Чтобы передать приказ или сообщение от флагманской галеры другим судам, они использовали флажки разного цвета, а в сумерках и ночью — факелы.
Кхешийский флот был настолько велик, что, когда первые суда спустились по реке на пару десятков лиг, плывшие на них воины уже не могли различить в закатной дали башни Ханнура, а от причалов еще продолжали отчаливать новые корабли.
Когда последнее судно покинуло порт, день близился к вечеру. Уставшие жители Ханнура стали расходиться по домам, лениво обсуждая увиденное. В город снова вернулась размеренная жизнь.
Начало смеркаться. По приказу Халега, чтобы избежать столкновения, на корме каждого корабля зажгли фонари. Хотя столкнуться в ясную лунную ночь было довольно сложно, тулиец не хотел рисковать.
Ни владыка Сенахт, ни Халег, ни маги Черного Логова не хотели ждать завтрашнего утра. На военном совете решили: главное сейчас — выиграть время, прийти к Туиту раньше Кулла и занять выгодную позицию.
Когда взошла луна, а поля по обоим берегам сменились лесами, сигнальщик с храмового струга передал сообщение для Халега, а затем за тулийцем прислали легкую лодочку с двумя гребцами, которая быстро доставила его к судну с черными парусами.
Молчаливый жрец проводил его на корму, в каюту Тха-Таурага, обставленную весьма скромно, но со вкусом: пара удобных кресел, стол и скамья, серебряные светильники на стенах и под потолком, вдоль одной из стен — пологая лесенка.
Когда Халег вошел, светильники не были зажжены. Тха-Таураг сидел в полутьме, но, казалось, не замечал этого.
Услышав, что дверь отворилась, маг кивнул вошедшему и тонкой рукой указал на кресло по другую сторону стола. Из полутьмы неслышно выступил раб и зажег один из светильников.
Другой раб поставил перед гостем поднос с двумя чашами и высоким сосудом из белого металла, покрытым тонкой чеканкой, с крышкой и носиком. Переставив чаши на стол, раб наполнил их горячей дымящейся жидкостью из сосуда и исчез.
— Это алай, — сказал Тха-Таураг. — Я не пью вина уже третью сотню лет. Но тебе, если хочешь, принесут доброе вино.

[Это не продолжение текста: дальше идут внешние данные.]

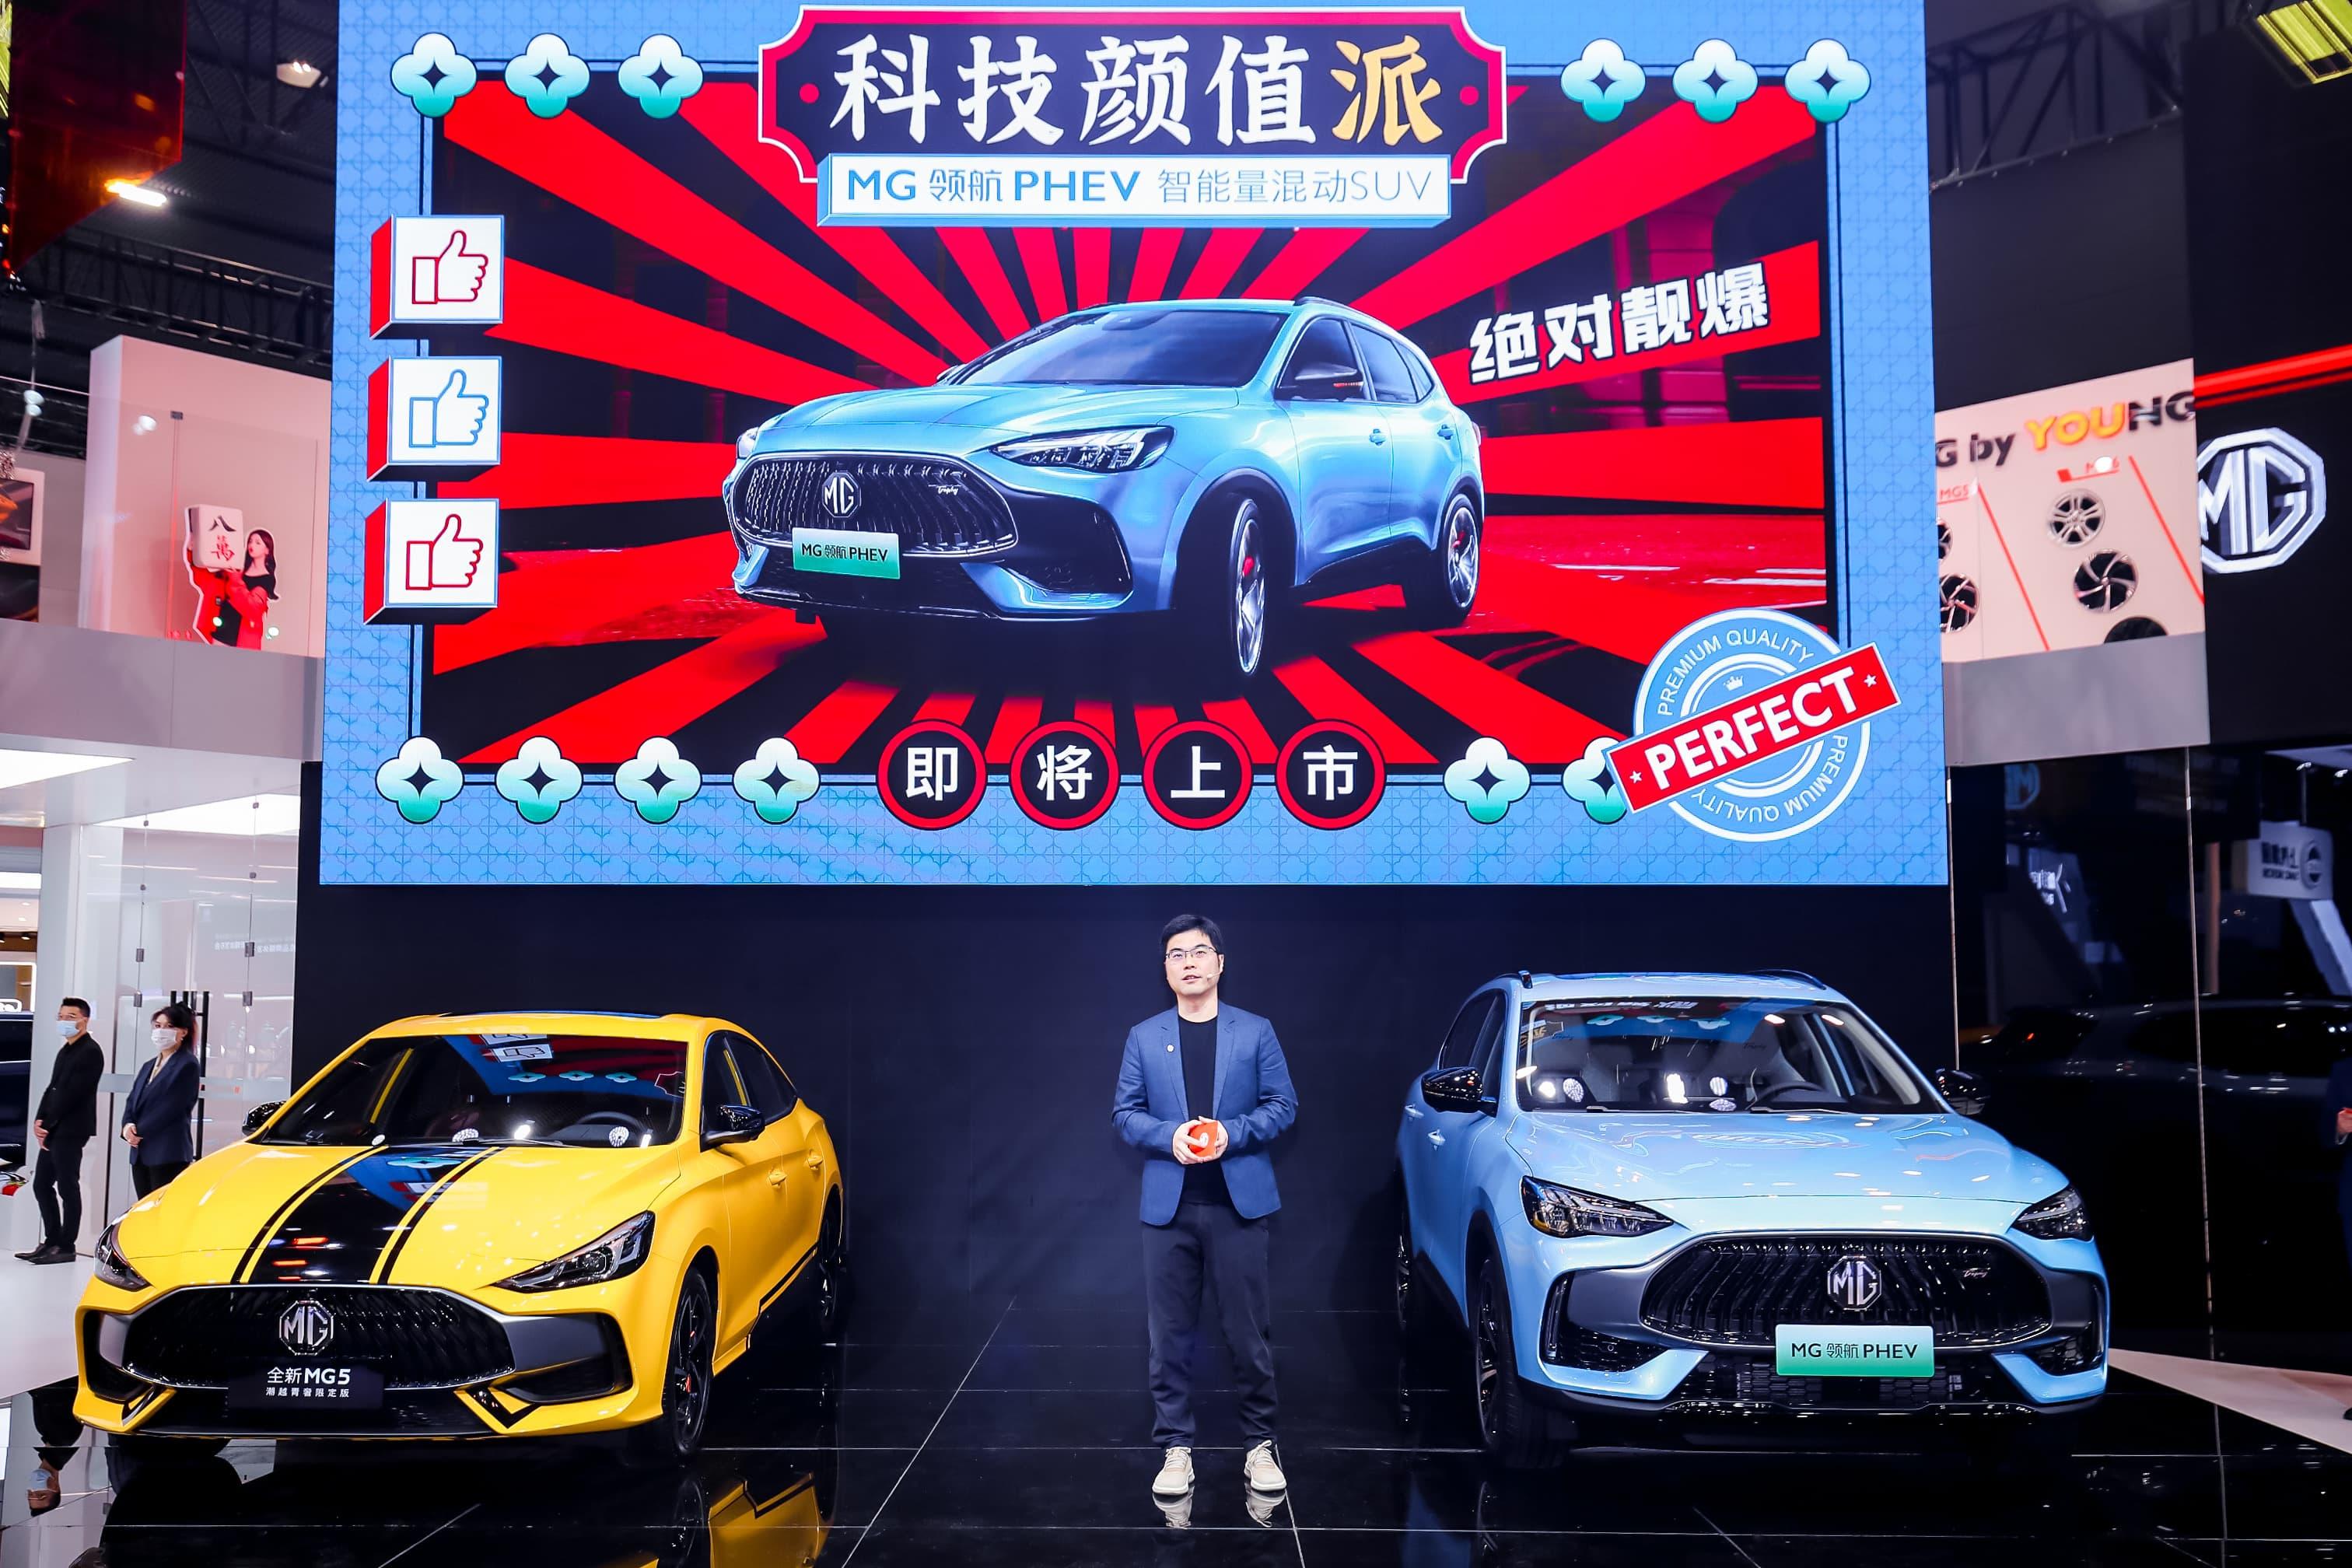 MG领航PHEV于广州车展首秀,即将上市

Халег взял в руки чашу и с интересом заглянул в нее: жидкость в слабом свете масляной лампы казалась темно-красной.
— Это особый напиток, рецепт его пришел из глубокой древности, — пояснил маг. — В нем — лепестки розы, которая растет на границе пустыни. Он дает силу и не туманит рассудок.
— Мне нравится, — улыбнулся Халег, сделав глоток. — А вина не нужно. Ты пригласил меня для беседы, и я хочу иметь ясную голову.
Тонкие бесцветные губы Тха-Таурага изогнулись.
— Туит, — произнес маг. — Ты думал о Туите, Халег? О битве?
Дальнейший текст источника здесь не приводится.